Prof. Krzysztof Ruchniewicz został szefem Instytutu Pileckiego 5 listopada 2024 r. Instytut to „miejsce stworzone na potrzeby interdyscyplinarnej i międzynarodowej refleksji nad kluczowymi zagadnieniami XX wieku: dwoma totalitaryzmami – niemieckim i sowieckim, a także konsekwencjami ich działań”. Na stanowisko powołała go minister kultury Hanna Wróblewska.

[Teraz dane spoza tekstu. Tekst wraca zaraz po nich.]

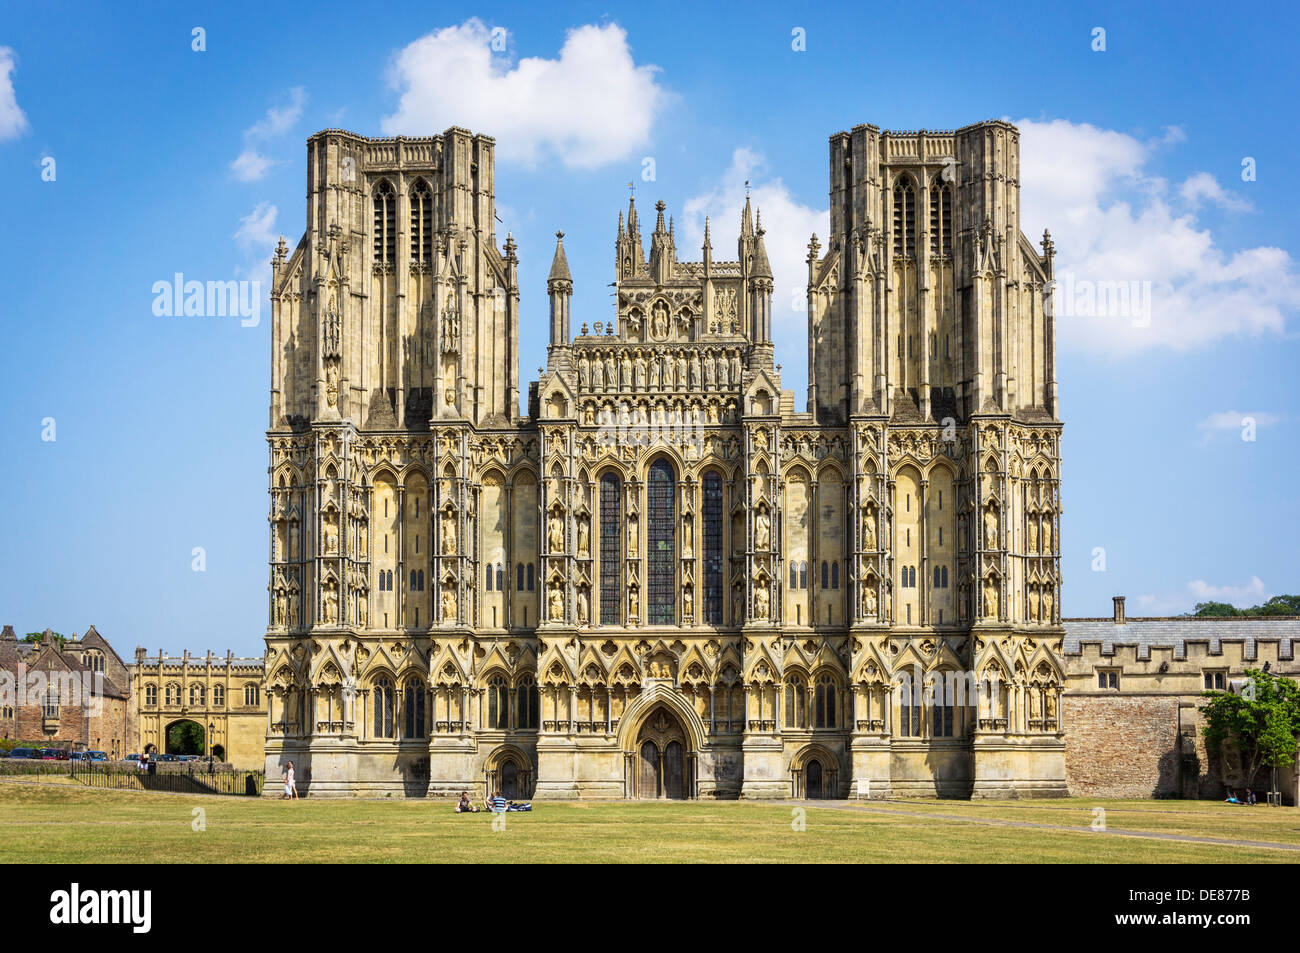 Wells Cathedral, Wells, Somerset, UK - a famous English Gothic cathedral Stock Photo

Konflikt interesów prof. Ruchniewicza
Problem w tym, że wcześniej prof. Ruchniewicz był dyrektorem Centrum Studiów Niemieckich i Europejskich im. Willy’ego Brandta Uniwersytetu Wrocławskiego. Jako pierwsi w „Rzeczpospolitej” informowaliśmy, że wewnętrzny audyt uniwersytetu stwierdził w tej instytucji konflikt interesów i możliwe nieprawidłowości. W dokumencie pokontrolnym można przeczytać, że w Centrum zawierane były umowy oraz zlecane prace Europejskiemu Stowarzyszeniu Badań Niemcoznawczych, którego członkiem założycielem był m.in. prof. Ruchniewicz. „Członkiem zarządu w randze wiceprezesa-skarbnika jest pracownik Centrum, który w zakresie obowiązków pracowniczych ma prowadzenie spraw finansowych Centrum oraz opracowywanie i przygotowanie umów. 27 grudnia 2020 roku pomiędzy Centrum a Stowarzyszeniem ESBN zostały zawarte umowy, które ze strony Stowarzyszenia ESBN zawierał m.in. ten wiceprezes-skarbnik, a ze strony UWr dyrektor Centrum. W ramach prowadzenia czynności doradczych stwierdzono istotne nieprawidłowości związane z realizacją tych umów”. Przez te cztery lata wartość prac w ramach umów oraz pojedynczych zleceń wyniosła ponad 748 tys. zł.
Czytaj więcej
Ministerstwo kultury odwołało z pełnionej funkcji dr. Wojciecha Kozłowskiego, zastępcę szefa Instytutu Pileckiego. Był on jednym z twórców tej placówki, przez kilka lat stał na jej czele.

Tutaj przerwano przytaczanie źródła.